Comic Strep
Some time during Friday, I noticed I wasn’t feeling very well. By 9pm Friday night, I had a fever of 99.8 and an intensely sore throat and slowly aching muscles. By 5am Saturday morning, I had a temperature over 102 and felt like I’d just been accosted by angry bat-wielding thugs. What I thought was the flue–but went to the doctor for confirmation–turned out to be strep. The nurse told Jen I “smelled like strep” and after a test confirmation, I was sent home with a regimen that would have me feeling better “within 48 hours.”
Not having been this sick since I had Chicken Pox when I was 12, this is new to me, but I’m still alive despite mild disdain for any activity a living entity might otherwise enjoy. I haven’t eaten much since Friday night, and considering a steady diet of fruit juice, hot chocolate, and tea, still don’t truly desire solid food three days after getting sick. But there’s hope: some time last night I woke up drenched in sweat, meaning the three blankets which once merely kept me mildly warm and culled the worst of my ceaseless shuddering were now vast overkill; my fever had finally broken for good.

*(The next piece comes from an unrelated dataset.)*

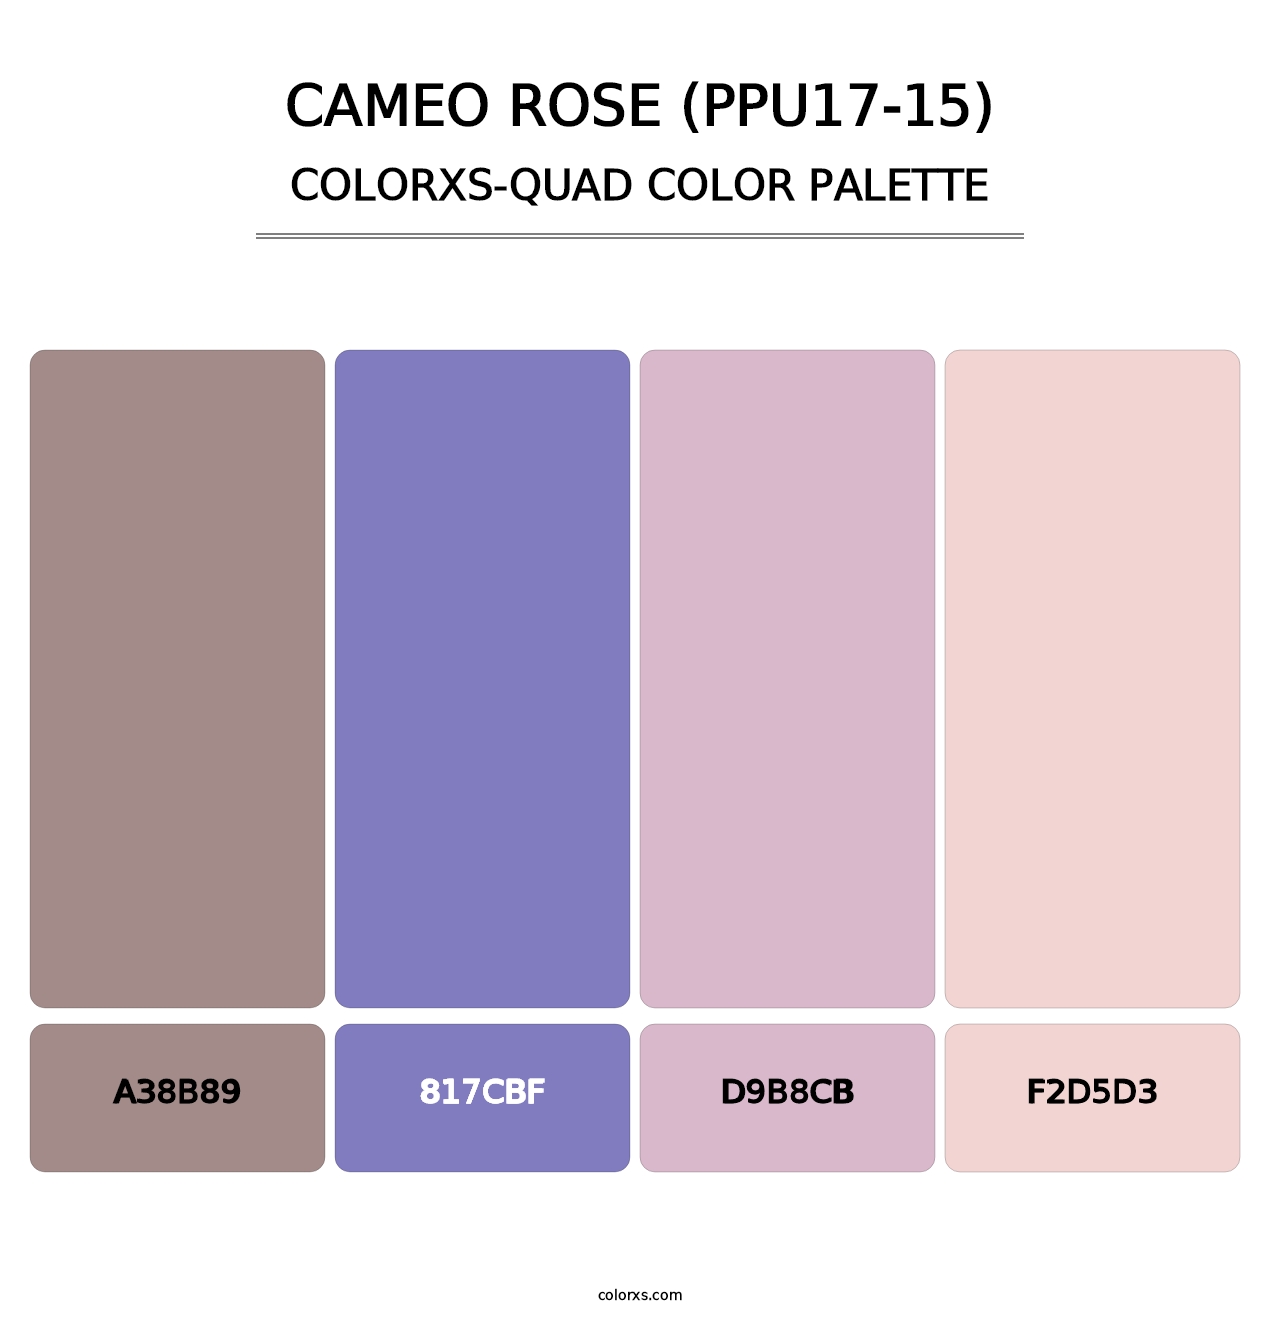 Cameo Rose (PPU17-15) - Colorxs Quad Palette

Now I’m left with a sore throat, a mild headache, some dizziness, a muted contempt for solid food, and intense fatigue. Until last night, I hadn’t successfully slept through the pain since my back started to hurt on Friday, I merely existed in a disoriented fog of agony convinced by a muddled brain that each deep ache was mere providence of an especially realistic dream. Sometimes I even “awoke” from the mental morass convinced I’d never taken ill until awareness fully returned and shattered that belief.
I wasn’t exaggerating when I claim Chicken Pox was my last great bout with illness, though that experience was obviously far worse, literally leaving me scarred for life. But it’s also a truth I’ve lost sight of how a bacteria or virus can dismantle resolve and disable even the sternest coping mechanisms. In the long term, this experience was nothing. I have a newly refreshed respect for those faced with a debilitating disease or chronic malady that won’t succumb to a simple battery of Amoxicillin. Despite the discomfort, it was a lesson I needed to remember. My heart is sometimes a constant fear, but it doesn’t actually hurt, so is easy to forget since it doesn’t massively affect my lifestyle–the same can’t be asserted for strep or any other disease capable of reducing an adult to a groaning ball drowned in blankets and refusing to eat for days.
Two decades can fade mere human memory; now I have a better basis for compassion for those truly ill. This is partly why I must find some alternative for commuting to work. I lose over three hours per day merely traveling back and forth, when I could be more productive or volunteering some of my time elsewhere. There is the weekend, but at least one of those days should remain my own time. I’m sure I’ll come up with something, provided enough time and consideration.